A new natural gas-fired power plant that independent producer Cabot Oil & Gas has an exclusive contract to fuel has begun full operations in Pennsylvania.
The 1,485MW Lackawanna Energy Center near Scranton began commercial operations last week, burning about 240mn cf/d of natural gas shipped to the plant by Cabot.
Developer Invenergy in 2016 began construction on the plant, which includes three 500MW units of a combustion turbine and steam turbine that share a single generator.
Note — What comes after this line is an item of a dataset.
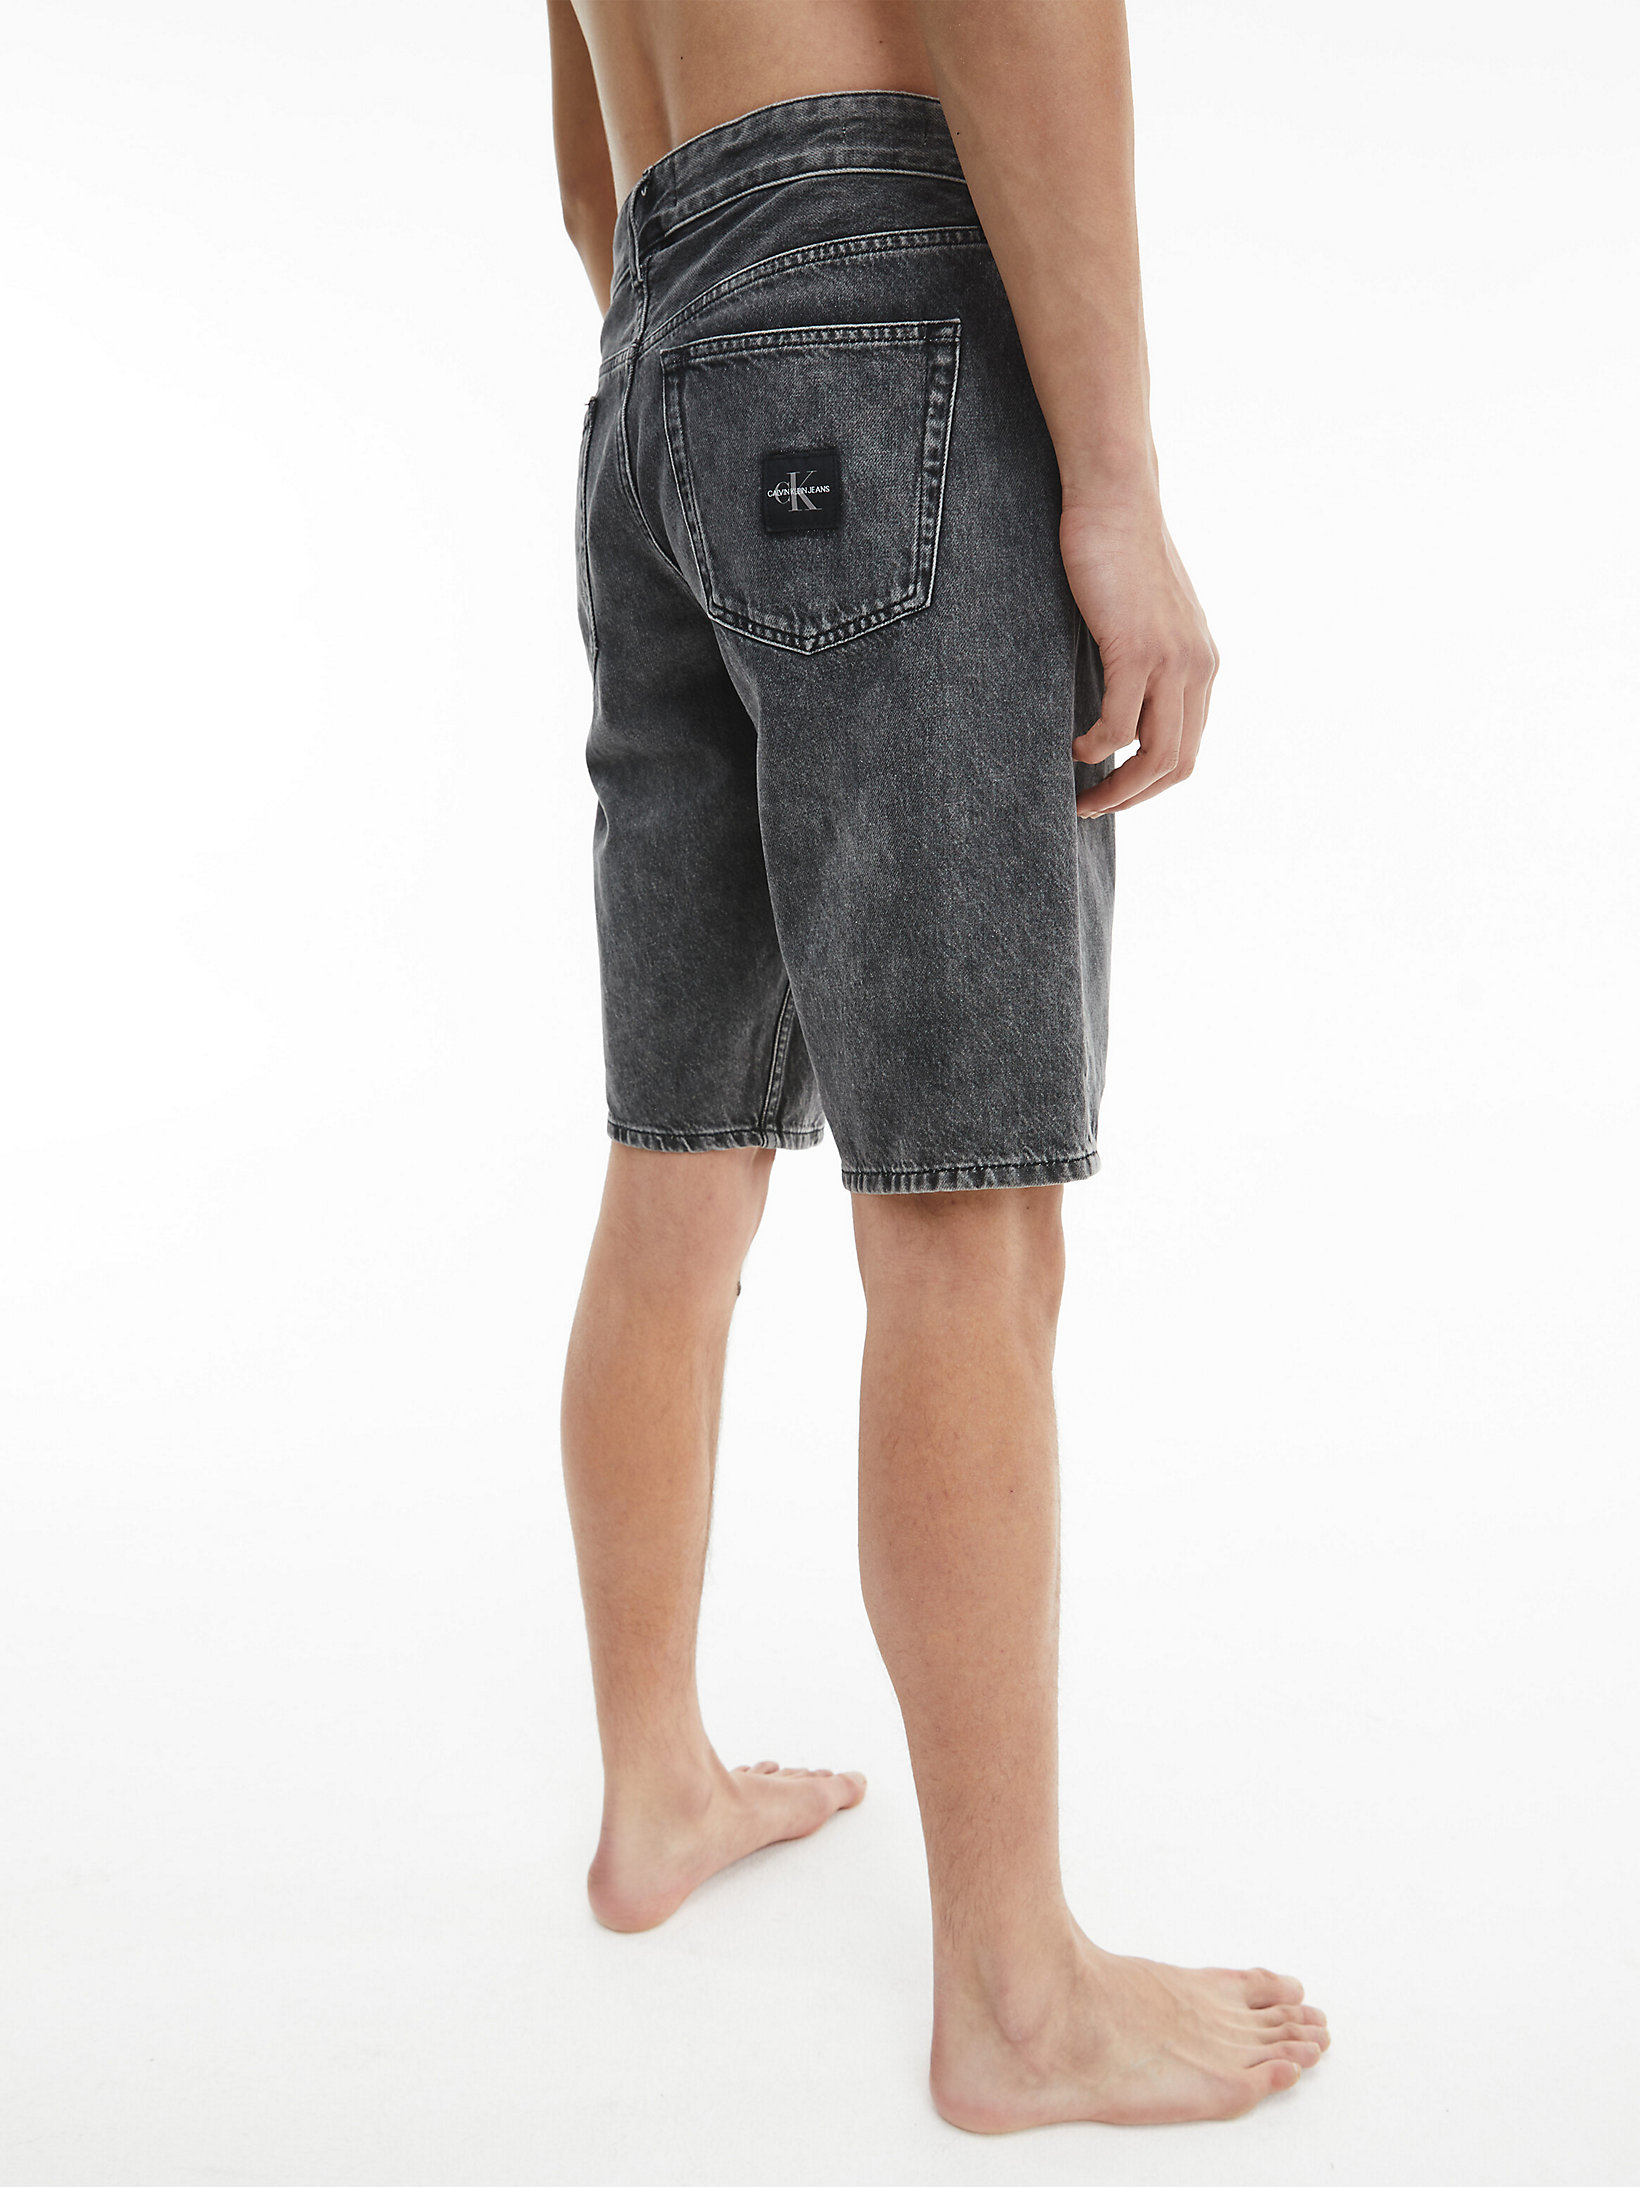 Calvin Klein Denim Shorts Denim Black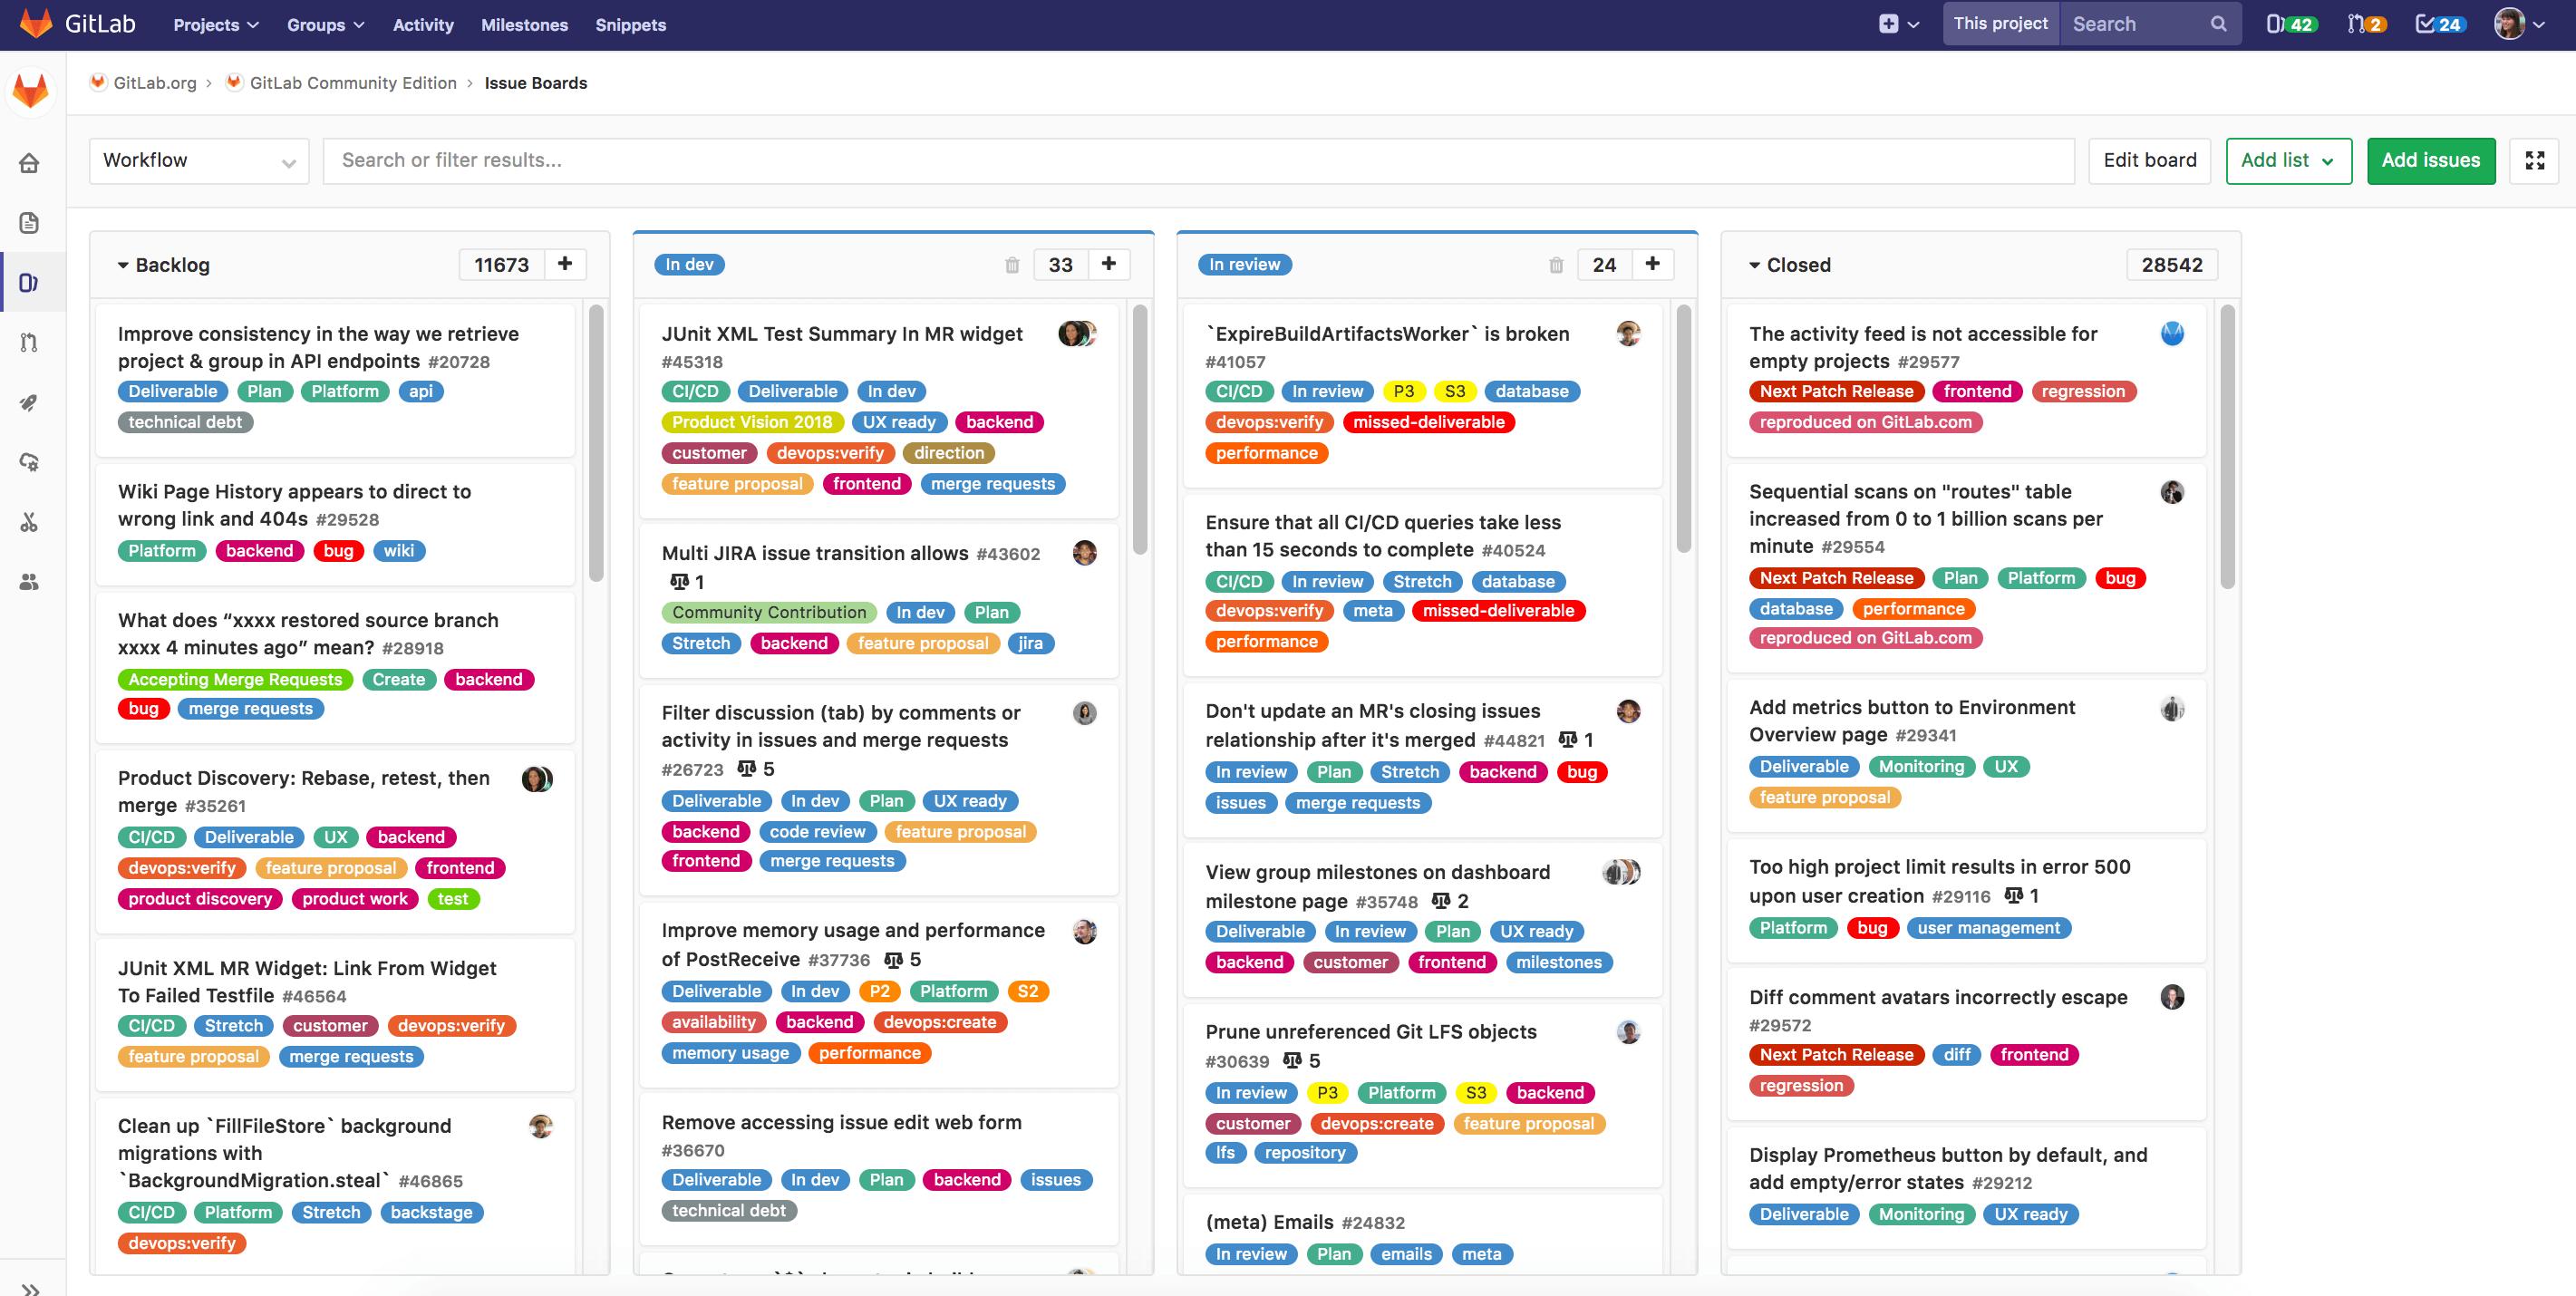 GitLab Board

The plant will deliver its power onto the PJM Interconnection electric grid, which transmits electricity across all or part of 13 mid-Atlantic states.
The Lackawanna center begin partial service with one unit operating in June 2018, burning about 70mn cf/d of Cabot's gas, and was expected to bring its two other units on line at a later time.
Cabot has an exclusive supply contract with Lackawanna and another gas-fired plant, the 1,000MW Moxie Freedom power generation facility in Luzerne County, Pennsylvania. That plant began operations in September and burns 160mn cf/d.
The power plant contracts represent a unique way for the producer to offload its prolific gas production from the Appalachian shale region, which is often constrained from a lack of sufficient takeaway capacity. Cabot in the third quarter of 2018 produced 2 Bcf/d, and in October forecast its fourth quarter output at 2.28 Bcf/d.